Alberto Loza Nehmad
Alberto Loza Nehmad

Desde la otra esquina:
Traducciones de artículos, entrevistas, etc.

La política de la post-verdad (desde la literatura)
Por Adam Kirsch
 
Originalmente publicado como “Lie to Me: Fiction in the Post-Truth Era”. The New York Times, 15 de enero de 2017. (https://www.nytimes.com/2017/01/15/books/lie-to-me-fiction-in-the-post-truth-era.html?_r=0). Traducido por Alberto Loza Nehmad.
 
Los novelistas norteamericanos se han quejado por largo tiempo de la capacidad que tiene la vida real para superar a la ficción. En su emblemático ensayo de 1961, Escribiendo la ficción americana, Philip Roth observaba que “la realidad continuamente está superando nuestros talentos y, la cultura, casi diariamente arroja personajes que son la envidia de cualquier novelista”. El personaje que menciona Roth es Charles Van Doren, quien obtuvo su fama por un escándalo en un concurso de preguntas y respuestas; pero si se pone a Van Doren junto a Donald J. Trump, se podrá medir el cambio en la naturaleza de la credibilidad a lo largo del pasado medio siglo.
 
Van Doren cayó en desgracia cuando se reveló que se le habían dado las respuestas a las preguntas de un concurso de televisión, Twenty-One, programa que los televidentes pensaban era real y no actuado. Actualmente, todo un floreciente género de televisión es llamado “reality”, aunque nadie que lo mire piense que es genuinamente verdadero: esto es, no planeado y no editado. La artificialidad es lo que hace disfrutable la televisión de los “reality”, pese a que esos mismos programas, si fueran publicitados como ficción, aparecerían banales, repetitivos y nada dramáticos. La realidad es el ingrediente que convierte a una mala ficción en una ficción fascinante.
 
Esta dinámica está en el origen de la novela. Las primeras novelas inglesas, desde Moll Flanders (1722) a Clarissa (1748), fueron publicadas anónimamente, con títulos que sugerían que se trataba de historias verdaderas. Tomó generaciones establecer las convenciones de la ficción lo suficiente como para permitirles a los lectores encontrar placer en novelas que eran explícitamente no verdaderas.
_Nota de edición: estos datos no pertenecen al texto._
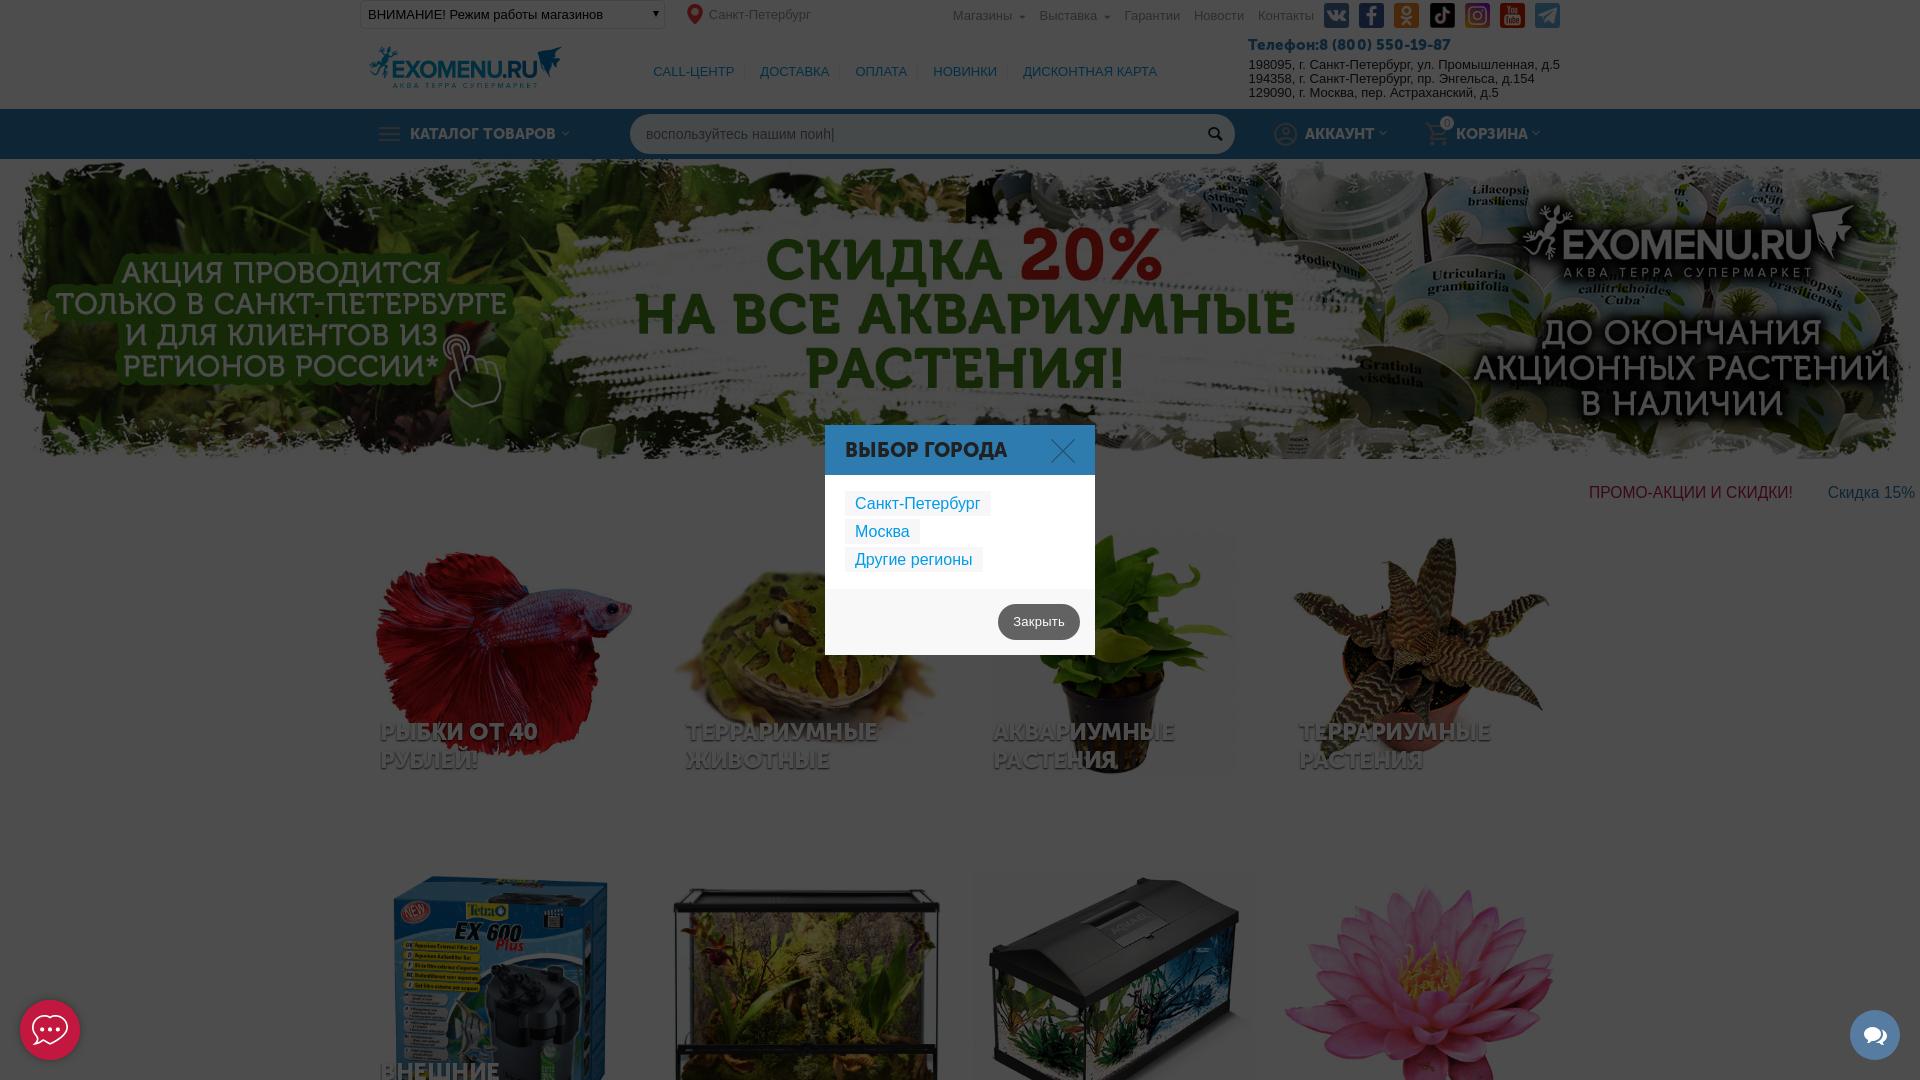 Exomenu.ru website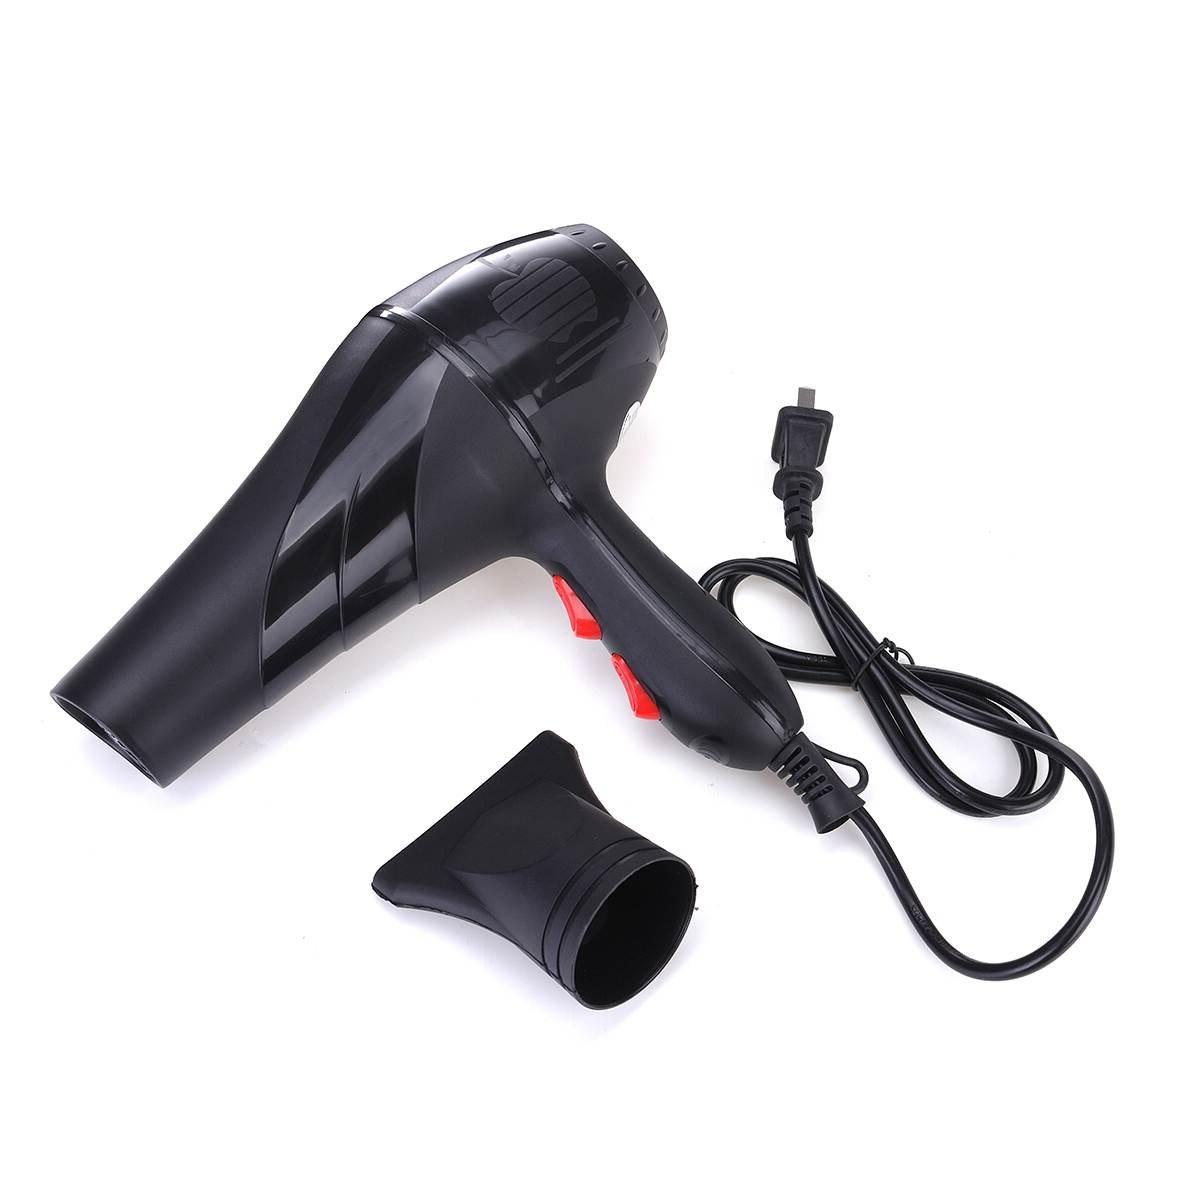 Professional 2000W Hair for Hairdressing Barber Home <font><b>Blow</b></font> <font><b>Dryer</b></font> Thermostatic Hair <font><b>Dryer</b></font> Fan

La suspensión de la incredulidad que supone la ficción es una etapa tardía en la evolución del gusto, y podría resultar todo esto solo haya sido algo temporal.
 
El ascenso del género de las memorias en las décadas pasadas no significa que los lectores estén listos para abandonar las técnicas de la ficción; no obstante, como los lectores de hace tres siglos, ellos quieren la libertad de la ficción junto con las consecuencias que traen los hechos verdaderos.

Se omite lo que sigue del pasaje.